And again about Syria: thank you, Russia! (The Boston Globe, USA)
Once again, Moscow has shown that it knows how to make a strategic choice is better than we are. Russia can not be called an ideal partner for the US, but sometimes its interests coincide with ours. At such times, we must put aside our hostility to Russia, left over from the Cold War, and to cooperate with it. It is best to start with Syria.
The US policy on Syria was completely ill-conceived from the very beginning of the current conflict five years ago. Having taken the toughest possible position - “Assad Must Leave,” we completely deprived opposition groups of an incentive to start negotiations on a peaceful transition of power. This was one of the reasons for the beginning of the Syrian bloody nightmare.
Russia, which in the past have often had to deal with attacks by Islamist fanatics, feels acutely threatened by the chaos in Syria. But the threat hung over us as well. Now we have to keep exactly the same policy, as well as Russian: we must prevent the fall of the government of Bashar al-Assad, to help establish a new regime that somehow will include Assad and his supporters, and then to achieve a ceasefire.
The fall of the Assad regime will lead to the formation of a catastrophic vacuum in power, similar to that of Iraq and Libya turned into a haven for terrorists. It will be bad for the US, and even worse for Russia and Iran. We must recognize that this is our common interest, and cooperate with countries that want the same as us.

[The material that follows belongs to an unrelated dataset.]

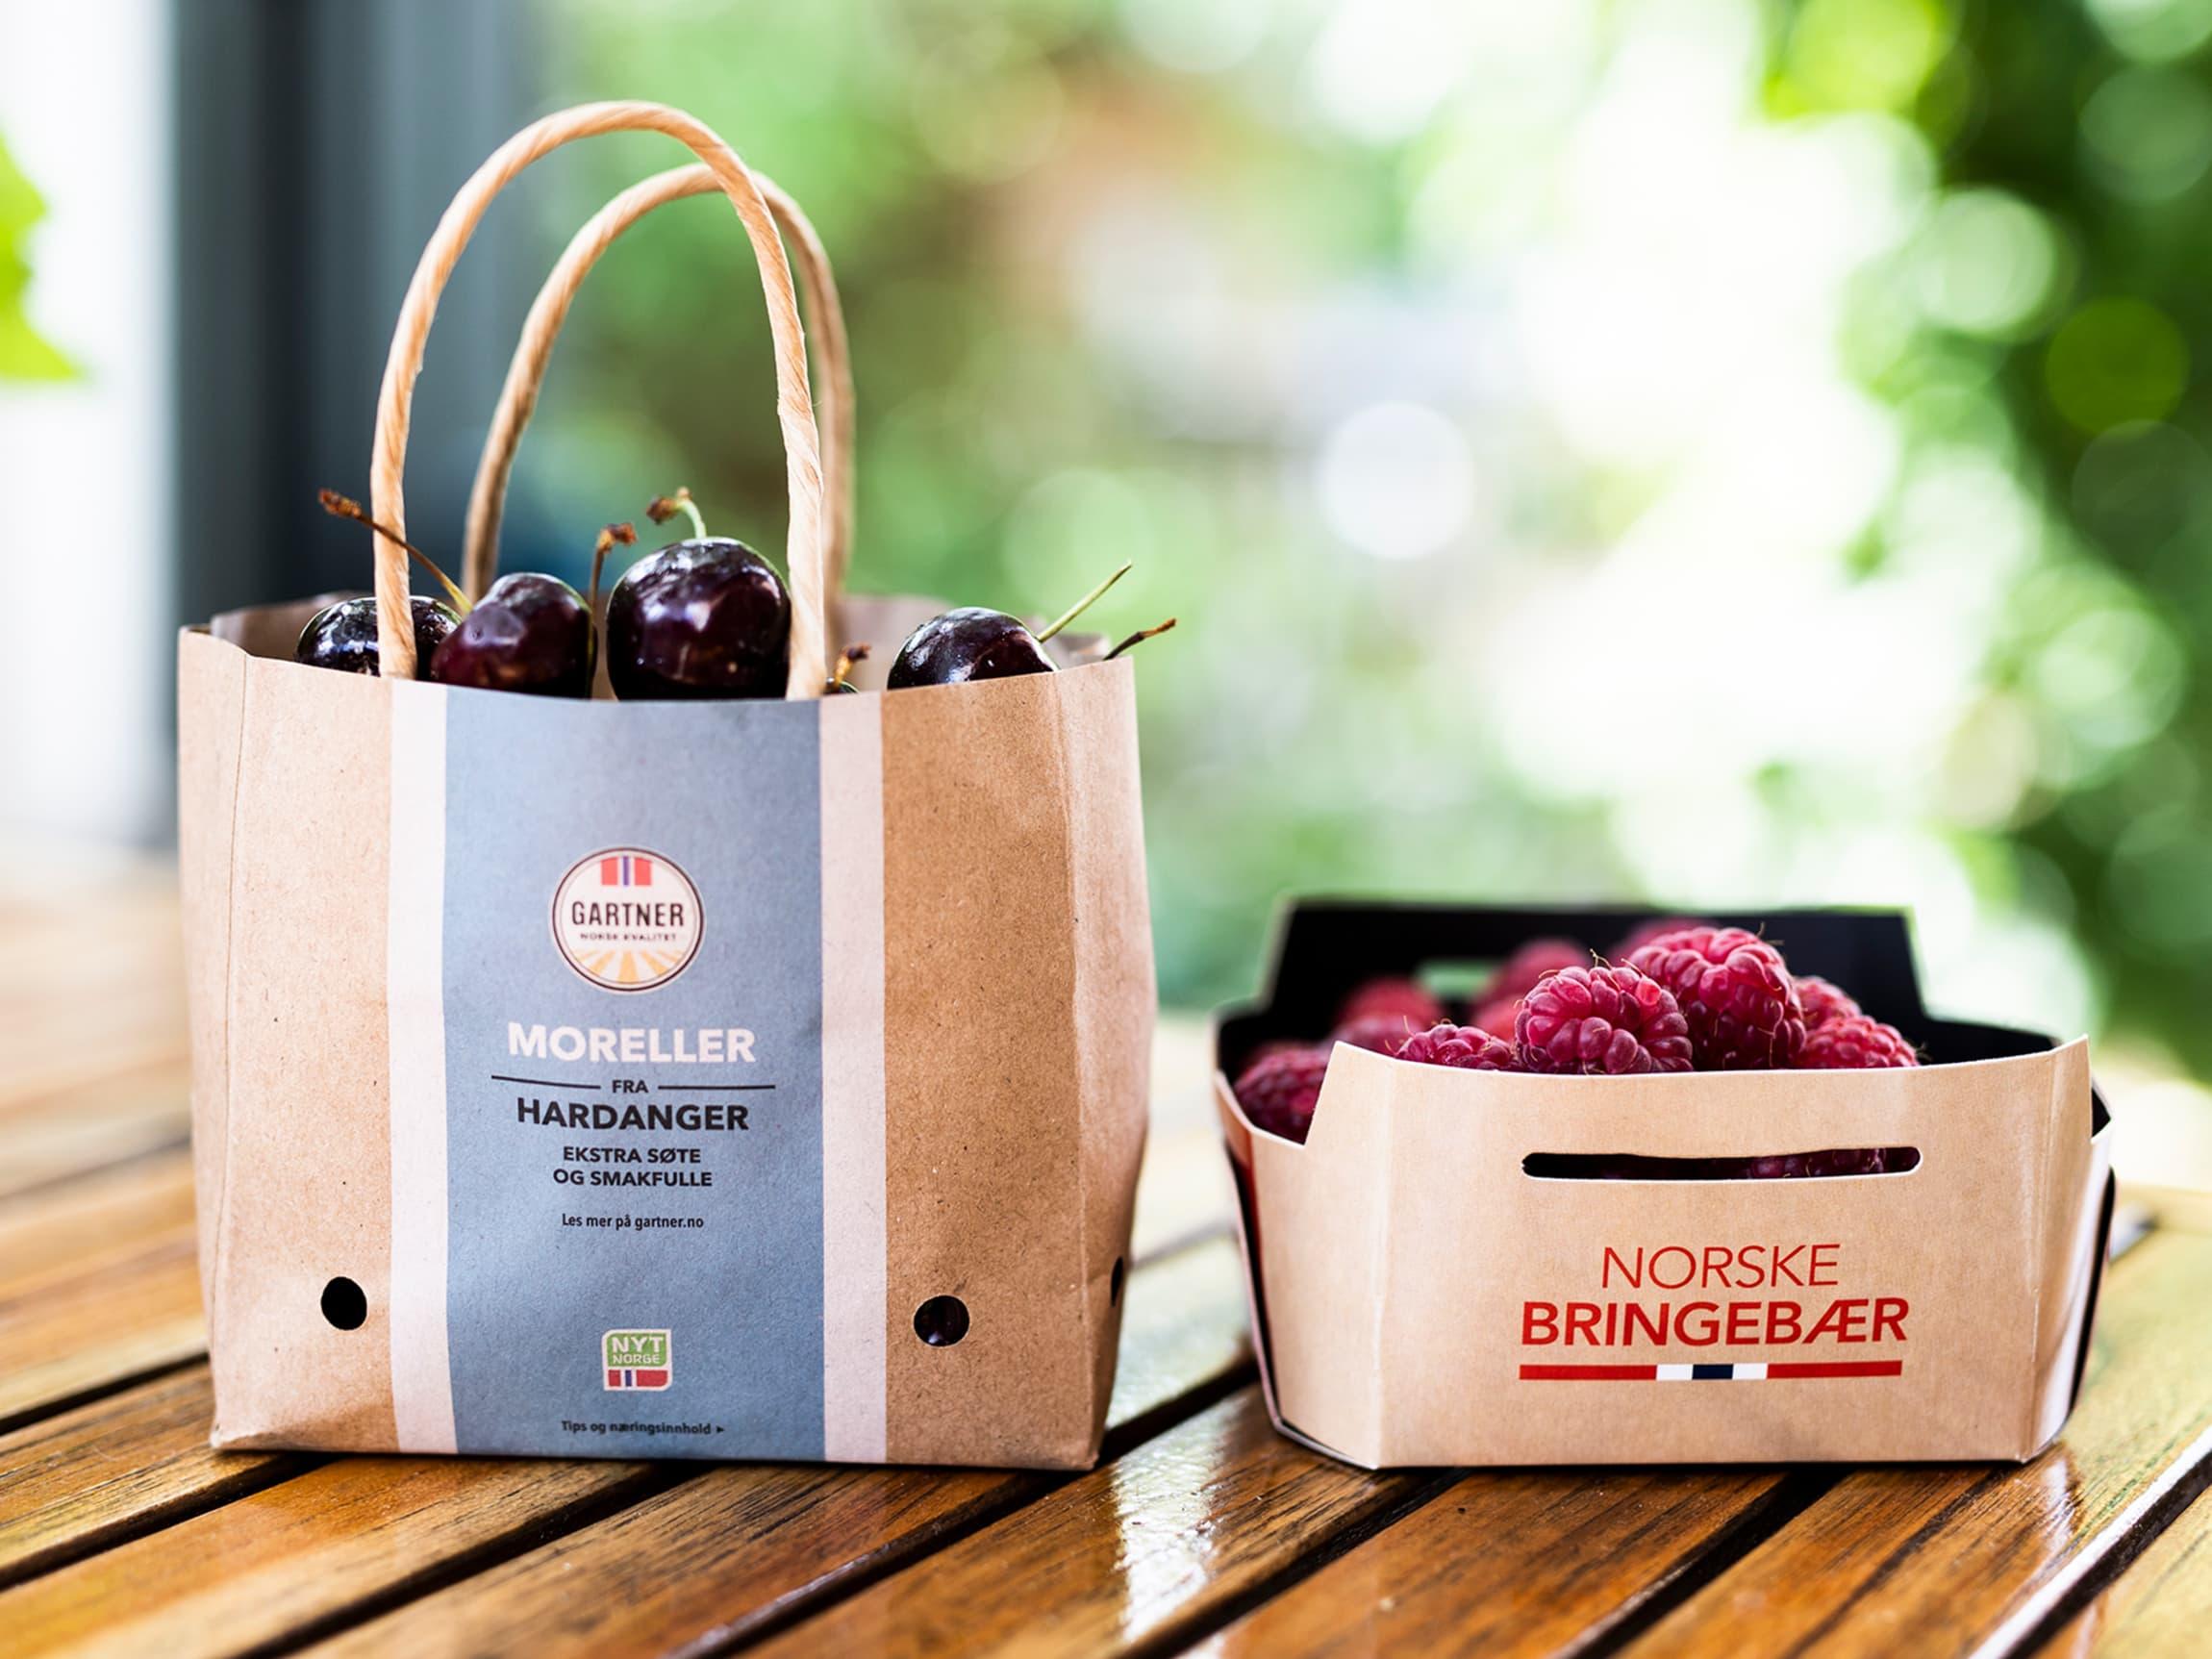 Fra sommeren 2018 har vi byttet til løsvekt der det er mulig for frukt og bær, samt byttet ut plast med papp der det er et godt alternativ.

All this may seem highly logical, but the offer to cooperate with Russia is hated by Washington. It contradicts the central concept of a liberal-conservative, republican-democratic foreign policy consensus: Russia is our eternal enemy, therefore everything that promotes the interests of Russia automatically undermines our interests - and the same applies to Iran. Instead of clinging to the dangerously outdated mantra "who is not with us is against us," we should recognize that countries with which we have differences in some areas may be our partners in other areas. And Russia in this case is an excellent example.
Perhaps, as a country, we would be more secure and would make a greater contribution to the stability of the world if we followed the foreign policy course of Russia in the past. The government that Moscow supported in Afghanistan and which was headed by Mohammad Najibullah from 1987 to 1992 was more honest and progressive than the governments that came to power after American-supported forces overthrew Najibullah. Later, Russia called on the United States not to invade Iraq and not to overthrow Saddam Hussein. Both times Russia was right, and we were wrong. In Syria, Russia was right for the third time. Now it is in the interests of the United States to maintain power in the country for Assad - at least for a while. An alternative will be the “Caliphate” of ISIS, stretching from the Mediterranean Sea to the Tigris River.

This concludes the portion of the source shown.